Depression and Anxiety among Women

Women between the ages of puberty and sexual maturity, around age 50, are twice as likely to be diagnosed with depression or anxiety disorders, or dual diagnoses of both.  

The disparity of mental health and mood disorders among women versus men correlates with environmental and social stressors that affect women specifically, as well as biological factors.

Risk Factors of Depression and Anxiety among Women

Clinical depression and anxiety are two of the most common mood disorders that affect women at some point in their lives. The prevalence of mood disorders can be attributed to gender-specific risk factors, including biological, genetic, reproductive, and environmental variables that can increase vulnerability to mental health issues. 

Women who are affected by substance abuse issues, such as alcohol or opioid use disorder, are also at greater risk of developing depression and anxiety symptoms, and vice versa. The comorbidity of psychiatric illnesses and addiction are high among women, although symptoms of one disorder may present sooner than the other. 

The most prominent risk factors of depression and anxiety for women include:

  • family history of psychiatric and mood disorders
  • physical, emotional, or sexual abuse in early childhood
  • unresolved trauma such as the loss of a parent before age 10
  • history of mood disorders in early adolescence
  • emotional, environmental, physical, or social stress

Link Between Female Hormones and Depression

Studies have shown that there is a strong correlation between reproductive hormone sensitivity and the prevalence of depression among women from the age of puberty throughout the reproductive life cycle, up to menopause. 
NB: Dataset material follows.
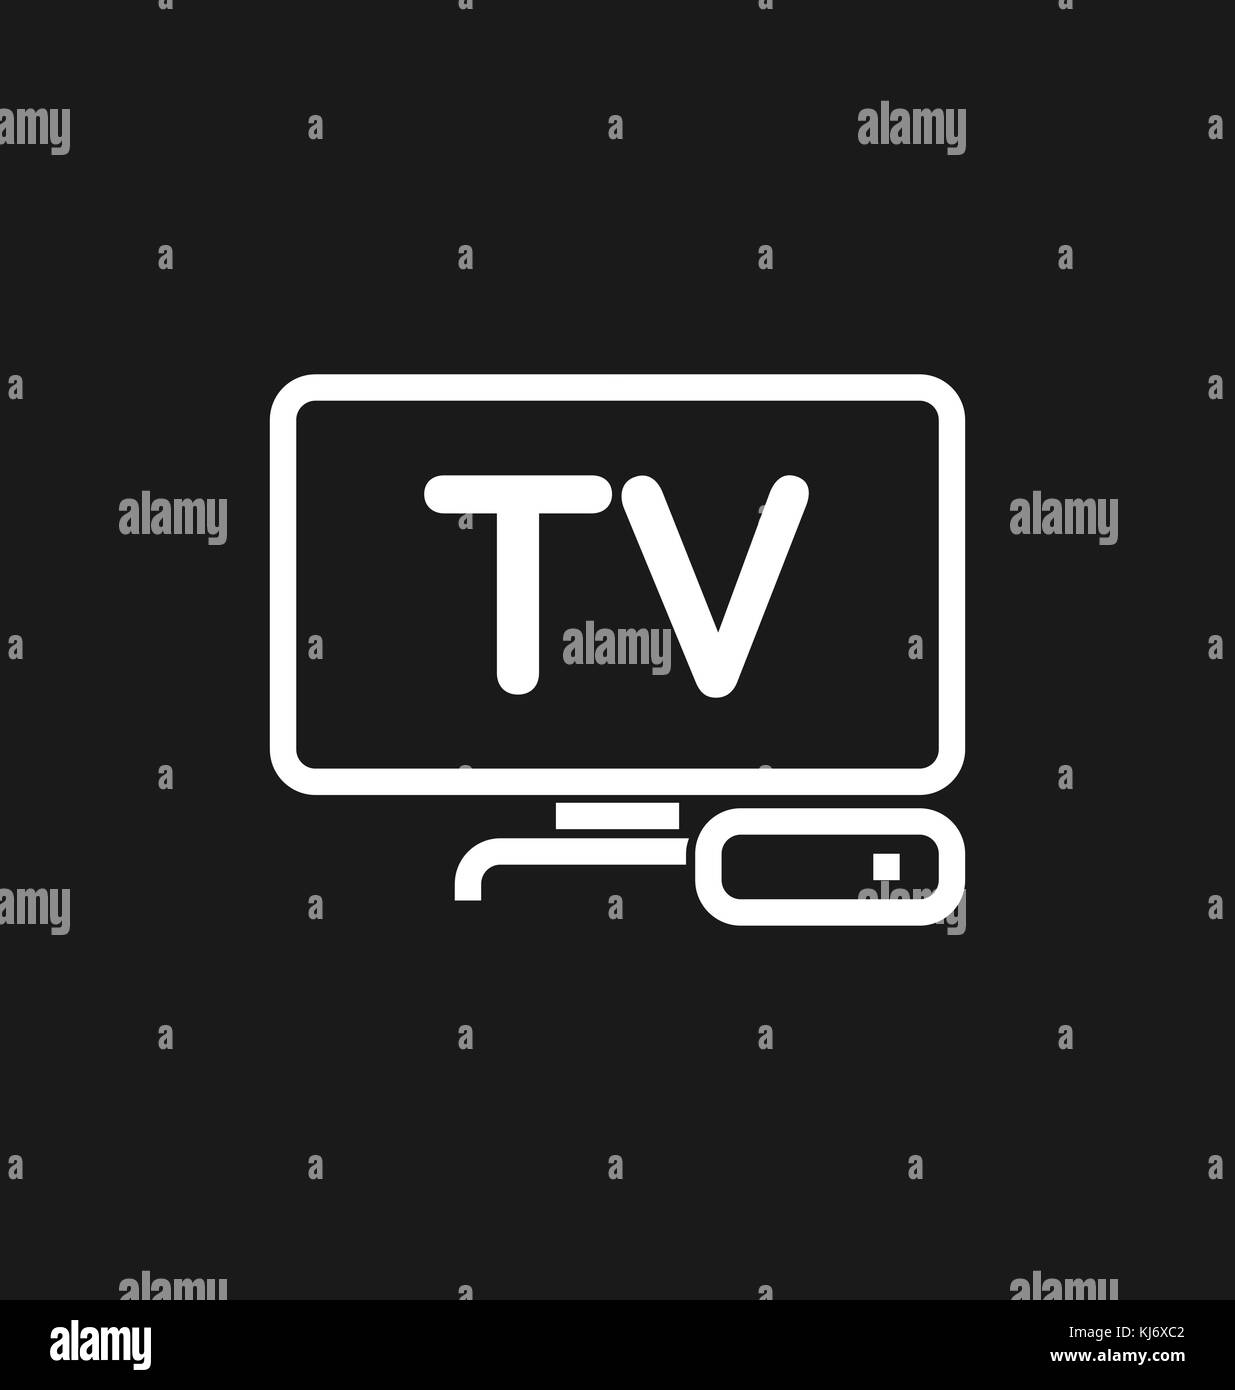 TV box / IPTV icon vector illustration. Stock Vector

For women experiencing depression and anxiety, it’s important to address various aspects of well-being, including physical health. Understanding how to manage common concerns like ‘how to stop menopause weight gain‘ can be a valuable part of a holistic approach to mental health

Female sex hormones, specifically estrogen and progesterone, can impact moods and behaviors when they are in a state of flux. While moderate fluctuations normally occur during reproductive shifts and changes, such as puberty, menstrual cycles, and pregnancy, more volatile hormonal changes can adversely affect mental health.

Disruptive hormonal fluctuations and imbalances can increase vulnerability to symptoms of depression, which can develop over time if left untreated. These can be exacerbated by external factors including stressful life events, health complications, social pressures, and sexual or emotional trauma

The following are hormone-related mood disorders that affect many women:

  • premenstrual syndrome (PMS)
  • premenstrual dysphoric disorder (PDD)
  • perinatal depression
  • postpartum depression
  • perimenopausal depression
  • postmenopausal depression

Link Between Female Hormones and Anxiety

Significant hormonal changes can also induce anxiety in many women who are more sensitive to fluctuations in reproductive hormones. Women who have lower than normal estrogen levels are more vulnerable to anxiety-related disorders, especially PTSD. 

Studies on the connection between estrogen and female anxiety have shown that women with higher levels of estrogen experience less emotional distress, even when dealing with trauma. Women who experience decreased estrogen levels due to irregular hormonal imbalances are more at risk of PTSD or other anxiety disorders. 

Dual Diagnosis of Depression and Anxiety among Women

Depression and anxiety disorders tend to go hand in hand, with overlapping and co-occurring symptoms. Women with substance use disorders have a much higher risk of having dual diagnoses and vice versa, whether they have pre-existing psychiatric illnesses or developed symptoms as a result of addiction. 

Women with dual diagnoses are often hindered by a lack of social support and decreased quality of life, decreasing their chances of success in recovery. They are also at higher risk of experiencing traumas related to their co-occurring substance abuse, anxiety, and depression, which compound symptoms of post-traumatic stress disorder

It is critical that women with depression, anxiety, and any other mental health or mood disorder get the treatment and support they need to recover in a safe and healthy environment. Dealing with trauma and triggers in therapy is imperative for helping women who are affected by depression and anxiety understand the causes of their symptoms and how to effectively cope with them with healthy strategies.